' À court de cash. ' C'est ce que dit chaque nécrologie de startup. C'est aussi le diagnostic le plus inutile de la tech. Une boîte qui ' manque d'argent ', c'est comme un patient qui ' meurt d'un arrêt cardiaque ' — techniquement vrai, mais ça ne dit rien sur la vraie maladie.

En mars 2026, j'ai passé des mois à fouiller les restes de 10 startups IA qui se sont effondrées entre 2024 et 2025. Les vraies causes de décès sont bien plus instructives que ' fonds insuffisants '. 🗑️

Le rapport d'autopsie

1. Jasper (assistant d'écriture IA) — Risque de plateforme

Jasper a levé 125M$ pour construire un outil d'écriture IA. Puis ChatGPT a sorti les mêmes fonctionnalités gratuitement. Le produit de Jasper était un wrapper — une fine couche d'interface posée sur le modèle IA de quelqu'un d'autre, comme une télécommande qui ne marche qu'avec une seule marque de télé. Quand le fabricant a sorti sa propre télécommande, celle de Jasper est devenue inutile.
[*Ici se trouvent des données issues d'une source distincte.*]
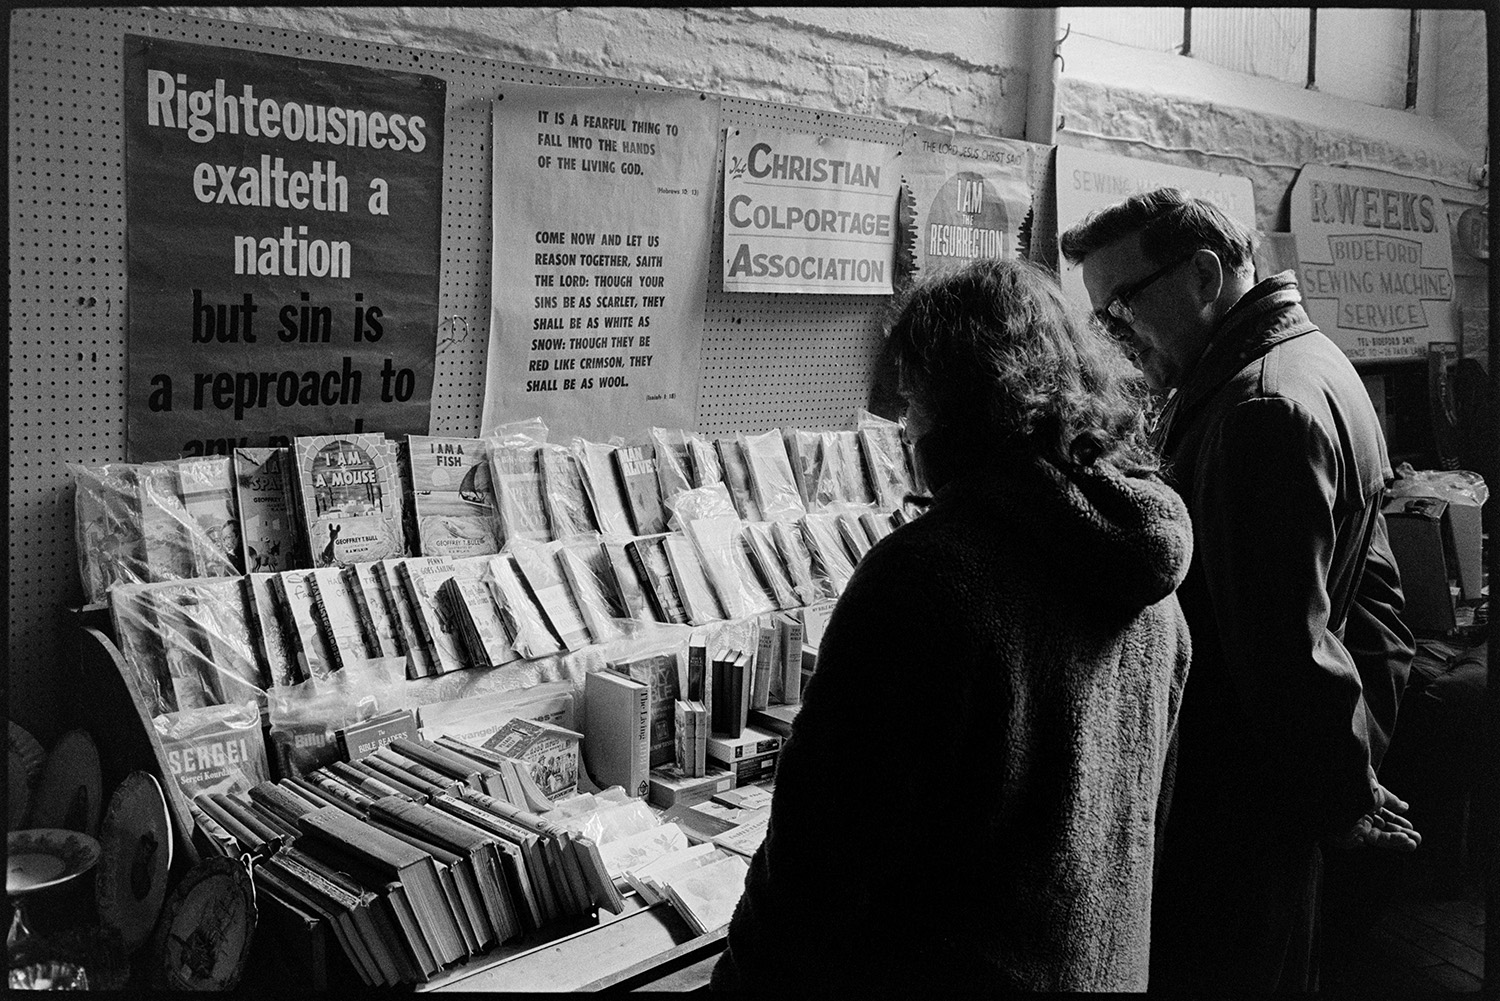 Pannier market, Christian Colportage Association book stall. 
[A man and woman looking at the Christian Colportage Association book stall at Bideford Pannier Market. Religious posters are displayed on the wall behind the book stall.]

Fin 2023, la boîte a sabré sa valorisation interne et remplacé son CEO pendant que le chiffre d'affaires s'effondrait. Ils ont pivoté vers le ' marketing IA entreprise ', mais le mal était fait.

À retenir : Si ton produit est une interface vers une API — un moyen pour des programmes de communiquer entre eux, comme un serveur entre la cuisine et la table — tu es à une annonce de fonctionnalité de l'extinction.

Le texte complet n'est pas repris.